DOCUMENTARIES
The documentation of musical performance, history, culture and personalities is one of the most powerful ways of connecting with the significant role of music in our lives and culture.
My documentary work is created through Rising Trunk Productions, a production company I established in 2012. Working with a team of videographers, location audio specialists, composers, editors and sound mixers, RTP has created compelling and award-winning documentary work.
Tracks : The Arizona Ear Worm Project
This 14-minute science documentary examines The Arizona Ear Worm Project, a one-year, interdisciplinary research which I created and led. During the 2014-15 academic year, the project utilized a unique collaborative approach to examine Ear Worms, also known as Involuntary Musical Imagery, in which a musical song or phrase becomes “stuck” in the mind for moments, hours or days at a time. Some 91 percent of people experience “ear worms” on a regular basis. The project team members included me and University of Arizona faculty members in Music Theory, and Speech, Language and Hearing Sciences. The documentary film was produced in collaboration with Arizona Public Media Production Services.
You Have Sweet Ears
This 51-minute audio documentary grew out of my extended field research into West African music in the summer of 2004. As part of my Bachelor of Fine Arts degree in Ethnomusicology, Anthropology and Media Arts, I had a two-month field research experience in the West Africa, including time in the nations of Ghana, Burkina Faso, Mali and Senegal. I captured some twenty hours of audio during the experience – including sounds of musical events, vibrant markets, and interviews with many my fellow students, our guides, and our West African teachers. A resulting 51-minute audio documentary, “You Have Sweet Ears”, was submitted as my Honors Thesis for a Fine Arts Studies degree in the University of Arizona College of Fine arts. My field research and documentation also received First Place award in Visual and Performing Arts in the U of Arizona’s Graduate and Professional Student Showcase.
Field recordist, editor, producer: Dan Kruse
Audio mix: Wiley Ross
Advisor, ethnomusicological consultant: Prof. Janet Sturman
Listen to the first track of the CD
ZOOM! Tucson’s Late-‘50s Rock ‘n’ Roll Record Label
This 33-minute documentary, completed in 2013, tells the endearing story of Burt Schneider and Ray Lindstrom, who established their own tiny recording label, Zoom Records, in Tucson, AZ in early 1959.
The film, which includes revelatory interviews with the label’s founders and with noted music historians and recording industry professional, is a moving testament to the power of music to change lives in positive ways; it also documents the musical and technological culture that surrounded the growing popular music recording industry of the “Rock ‘n’ Roll” era in America. The film has been accepted into three prestigious film festivals since its release, and was honored with the “Best of Arizona” award at the 2013 Arizona International Film Festival.
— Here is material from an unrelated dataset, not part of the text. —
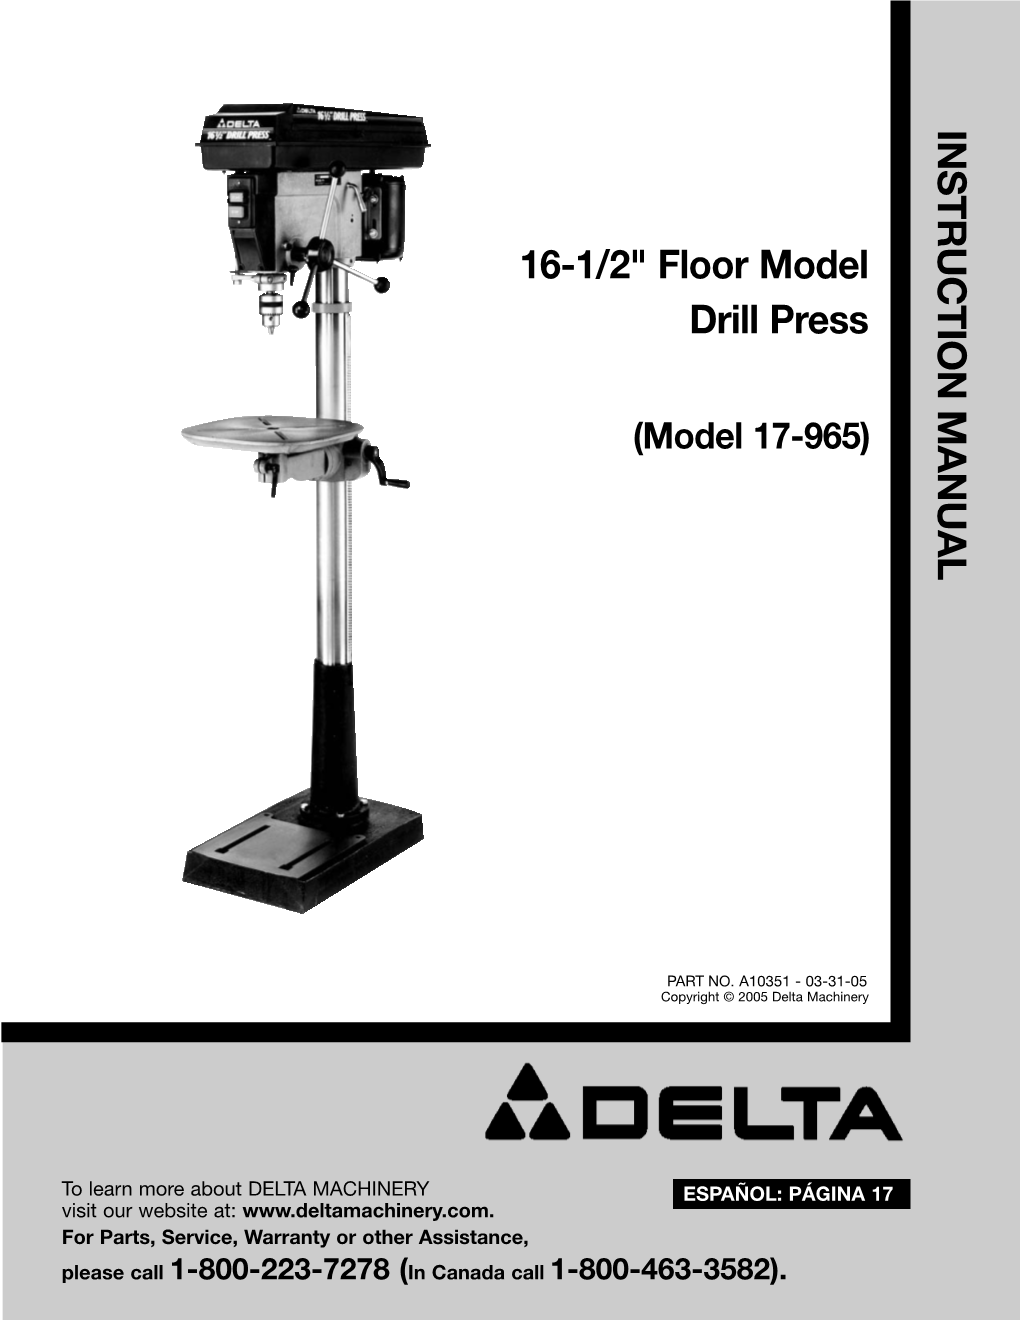 INSTRUCTION MANUAL 16-1/2" Floor Model Drill Press

A trailer for the film is below; the full-length documentary can be seen here.
Producer/director/editor – Dan Kruse
Director of Photography/Colorist – Bob Demers
Original music – Skye van Durren
Location audio – Kyle Wilson, Sarah Talbot-Haynes
Musicological consultant – Dr. Brian Moon
Audio mix – Wiley Ross
“ZOOM! brings to life a remarkable story just waiting to be told. The film is sure to find an eager audience among musicians, recording studio pros, music lovers and just about anybody who knows or cares about the regional rock scene.” – Mia Schnaible, Director of Marketing and Development, Arizona International Film Festival
“Dan Kruse’s engaging film cleverly leads the viewer through a serious study of how the founders of this independent record label lived the dream and furthered the ideals of America’s formative rock ‘n’ roll era…a story that will resonate with a new generation of technological and musical pioneers.” – Dr. Janet Sturman, professor of Ethnomusicology, University of Arizona School of Music
Greg Silverman: “Sacred Service”
This 19-minute video examines the musicological significance of a noted choral work, Darius Milhaud’s “Sacred Service” through the eyes of doctoral conducting student Greg Silverman. With footage from Greg’s lecture recital at the University of Arizona’s Holsclaw Hall in the spring of 2013, we learn of the musical, musicological and spiritual significance of Milhaud’s masterpiece. Through insightful interview comments, Greg reflects not only on the choral work, but also on his uniquely penetrating manner of working with an accomplished choral ensemble to bring forth the power of the work.
Producer/director/editor: Dan Kruse
Videographer: Bob Demers
Location audio: Gary Ray
“Dan Kruse produced Sacred Service with passion, dedication, and excellence. In our collaborations, he showed sensitivity to my vision while at the same time contributing creative ideas that helped promote the overall message of the project. I feel that the final product captured the essence of what we wanted to communicate, and we’ve had a great response so far!”
—Dr. Greg Silverman, President, Greg Silverman Ministries, Inc.